# Anyone else a fan of Jean Sibelius's piano works?



## wolfgangamadeus (Feb 8, 2014)

I know Sibelius himself was very dismissive of his piano pieces, claiming they were his "bread and butter". But I have always loved them. Here is one of my favourites. Took me ages to get hold of the score.


----------



## DrKilroy (Sep 29, 2012)

I am another fan. This is in no way comparable to Sibelius' symphonies or tone poems, but some of these are a pleasant listen. 5 Characteristic Impressions, one of the movements of which you posted, is among my favourites, too.

Best regards, Dr


----------



## Xaltotun (Sep 3, 2010)

I'm not much of a fan of solo piano works, but hearing some of his pieces performed in the house where he was born and raised was quite an experience!


----------



## joen_cph (Jan 17, 2010)

The CD that has become most notable for me is Mustonen playing small piano pieces by Sibelius, on the Ondine label, http://www.amazon.com/Mustonen-Plays-Sibelius-Oli/dp/B00006S1YJ 
Some remarkable playing, and nice pieces.

Besides that, I´ve got the Sonata and some pieces, in a couple of versions, plus a newcomer, a CD in the "Essential Sibelius" box, which I´ll have to listen to. Don´t really remember the features of the Sonata, so can´t judge it. Good idea for listening, though.


----------



## DavidA (Dec 14, 2012)

I have the recordings Glenn Gould made. Can't count myself a fan, though.


----------



## ptr (Jan 22, 2013)

Have played some of them, think Sibelius was quite correct in his assessment! They can be slightly delightful but do not carry much weight.

/ptr


----------



## brianvds (May 1, 2013)

I am quite a fan of his piano pieces too. I had a CD with some (Naxos, if memory serves). Lent them it to someone and then never got it back. But of course, nowadays we have YouTube. 

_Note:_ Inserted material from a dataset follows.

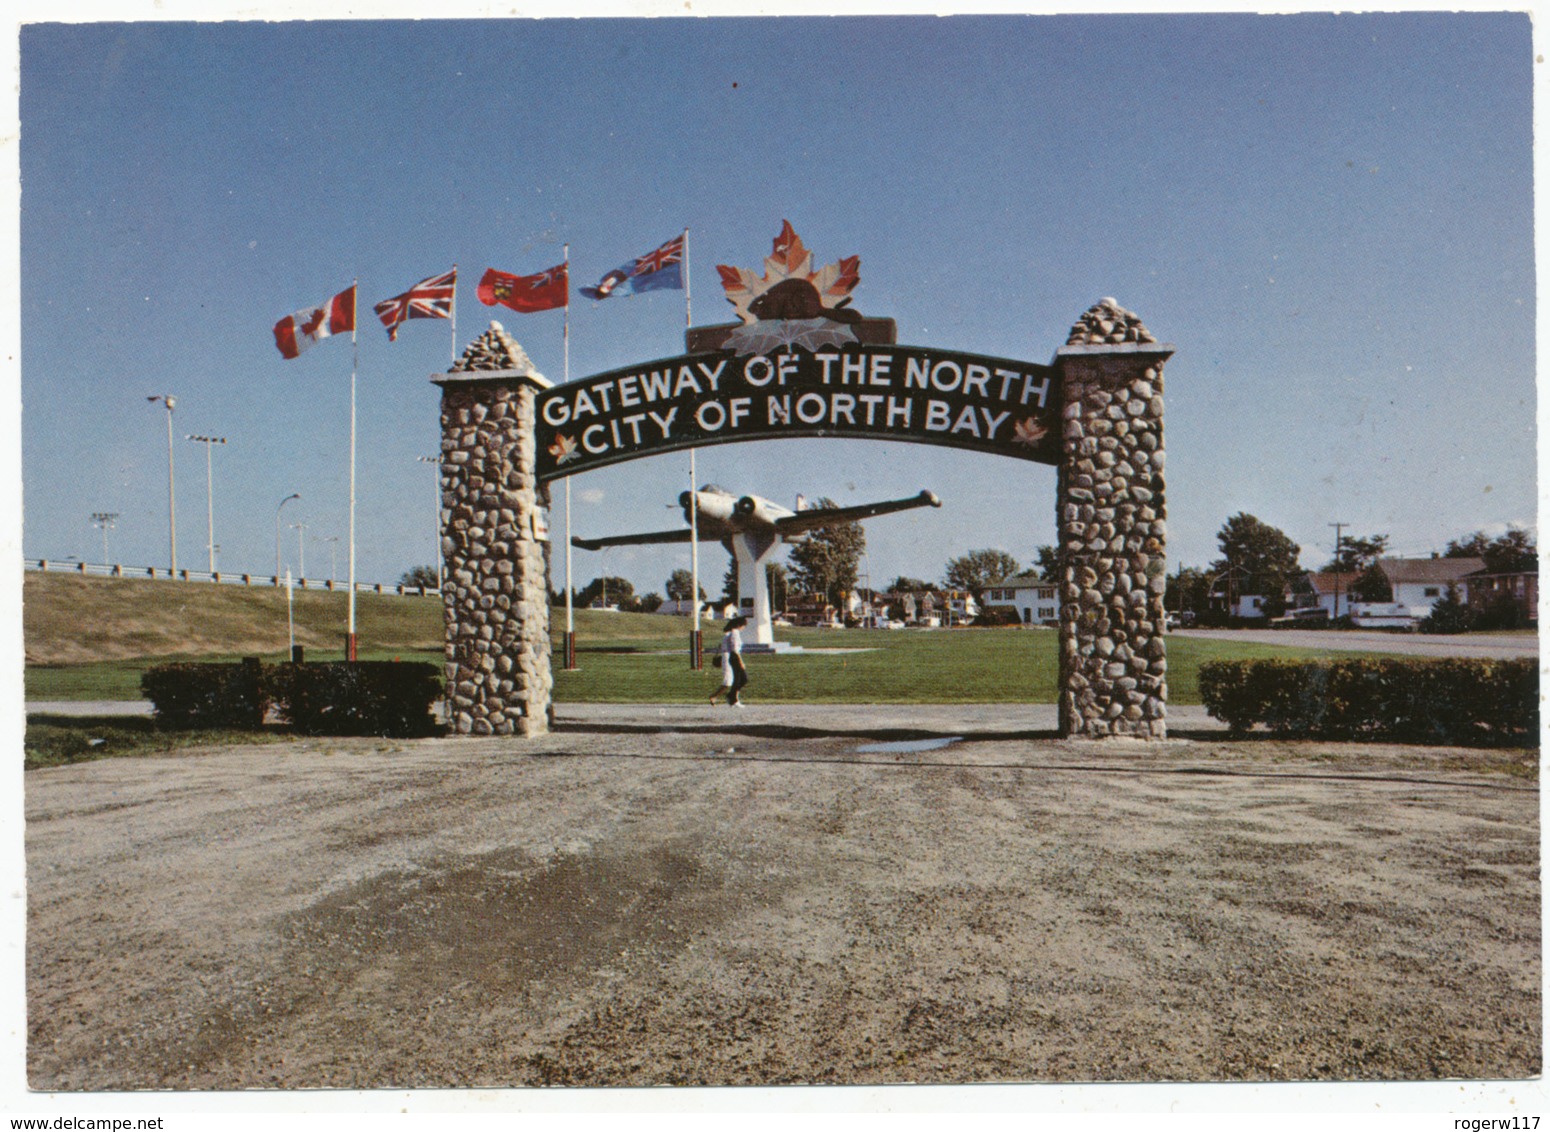 Gateway Of The North, City Of North Bay, Ontario, Canada - North Bay

I don't actually know his work well. Of the symphonies, only the second is familiar to me, so I am at the moment more of a fan of his piano pieces than his large scale works! This will probably change as soon as I get time to familiarize myself with the symphonies.


----------



## julianoq (Jan 29, 2013)

I listened very little of his piano music, it is about time for me to give a more careful look at it. I just listened to the 5 Characteristic Impressions and enjoyed it.

Edit: just listened to the Five Esquisses, they are quite good!


----------



## Dustin (Mar 30, 2012)

I enjoy his Mazurkas quite a bit. I still have a lot of listening before I form a more solid opinion though.


----------